U.S. Bank is behind many oil giants, including Enbridge, Energy Transfer Partners (here and here), Phillips 66 (here and here), and Marathon. All four of these companies own major stakes in the Dakota Access pipeline, and Phillips 66 and Marathon are the primary shippers of oil through DAPL. U.S. Bank also finances Cabot Oil & Gas, DTE Energy (here and here), EQT (here and here), National Fuel Gas, Plains, Range Resources and Williams.
So while they may not be providing project-level loans, U.S. Bank is certainly responsible for the continuing construction of thousands of pipelines.
“Just as weapon manufacturers are responsible for the terror their products reign, by backing big oil, these banks are responsible for the pipelines that violently desecrate indigenous lands and waters,” says Jacqueline Fielder (Mnicoujou Lakota, Hidatsa) an organizer of the San Francisco Defund DAPL Coalition.
The difference between project-level vs. corporate-level financing is important.
Pipeline companies often do not need to structure or disclose their capital flows down to the project level. For example, the entire Dakota Access pipeline system, including its connections to Texas and Louisiana, has an estimated price tag of $5.5 billion, but only $2.5 billion was structured as project-level financing.

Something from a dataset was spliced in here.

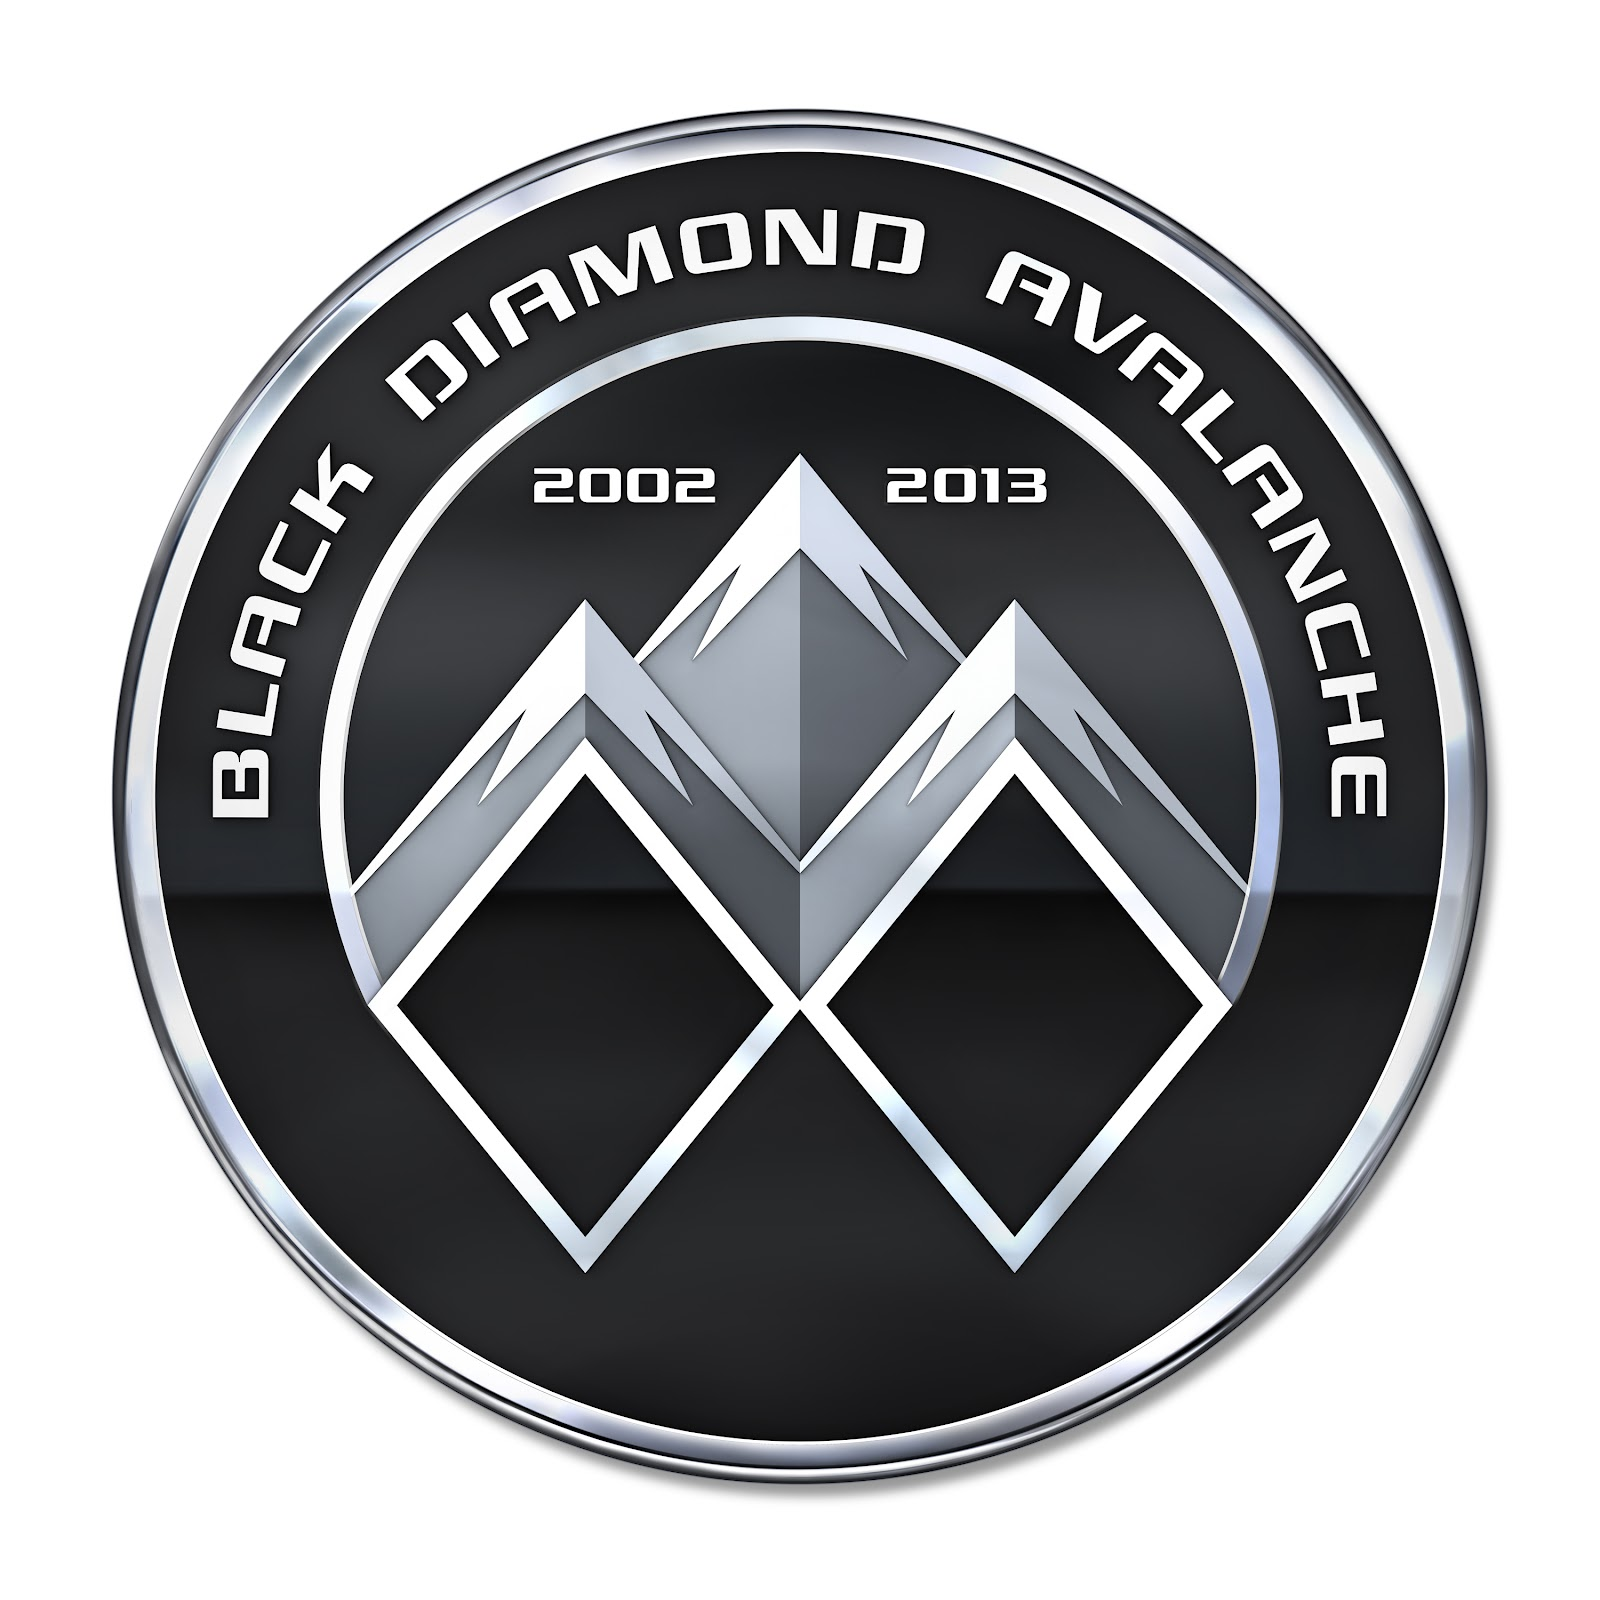 2013 Chevrolet Avalanche Black Diamond, Dernier Acte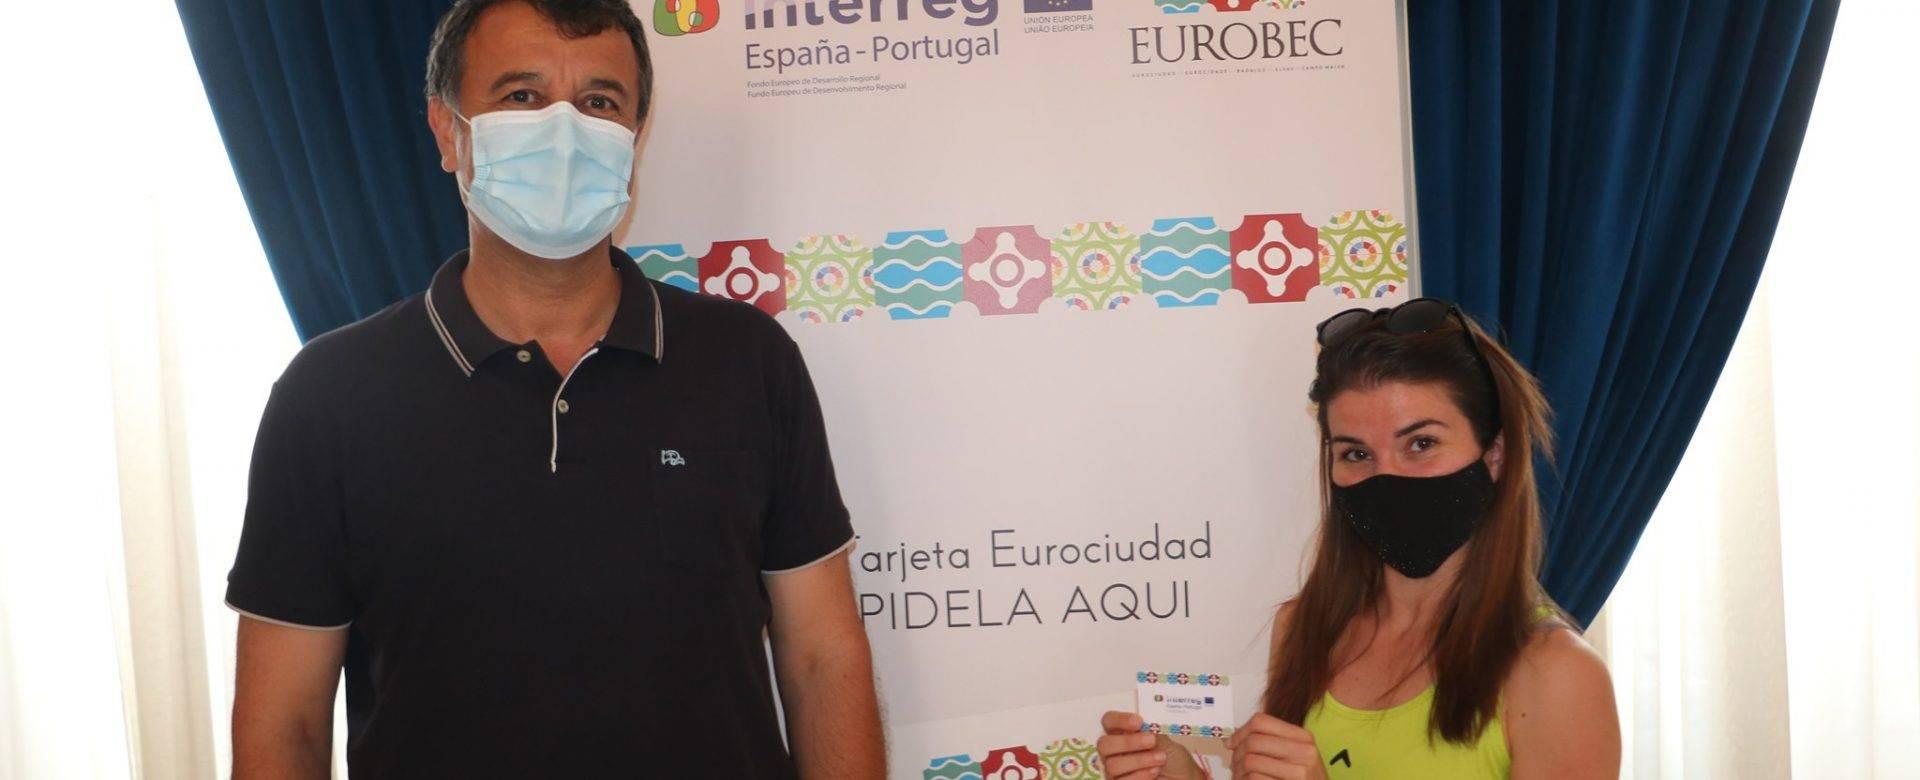 Primera tarjeta EuroBEC entregada en Campo Maior

The recently launched Mazaska Talks campaign aims to keep the pressure up on the banks funding the Bayou Bridge pipeline, part of the DAPL system, as well as all four proposed tar sands pipelines: Keystone XL, Line 3, Trans Mountain, and Energy East. None of these has project-level financing, so the targets are the pipeline companies themselves: TransCanada, Enbridge, and Kinder Morgan. Not surprisingly,the banks funding all four pipelines are nearly the same as the list of DAPL funders compiled by Food & Water Watch.
These financial institutions are in the business of profiting from extraction and aren’t going to back out easily.
During DAPL’s construction, U.S. Bank provided Energy Transfer Partners with a $175 million line of credit. Just six weeks ago, U.S. Bank recommitted to Energy Transfer on that deal, but the new agreement no longer discloses how much each bank has committed.
Now they say they will stop “project financing”? U.S. Bank knows that the average consumer would not pay attention to the complicated bigger picture, so it was a very clever public relations move—and many green groups bought it.
If U.S. Bank is going to stop financing pipelines, it has to stop lending at the corporate level, too. As early as July, we should get a chance to see if U.S. Bank’s new policy is just words.
On July 2, 2017, the credit agreement EQT has with U.S. Bank and others is set to expire. Marathon, a shipper on and a 9 percent stakeholder of DAPL, has an agreement involving U.S. Bank that expires in late July 2017. Let’s wait to cheer U.S. Bank until it puts its money where its mouth is.
Now is the time to step up our demands that banks divest from industries that endanger our future generations, says Rachel Heaton (Muckleshoot Tribe) of Mazaska Talks. “We know there are always loopholes through which banks will try to pass off responsibility, but we will continue to resist until these banks completely divest from all pipeline and fossil fuel corporations and incorporate the Free, Prior, and Informed Consent of Indigenous peoples into their corporate lending structures.”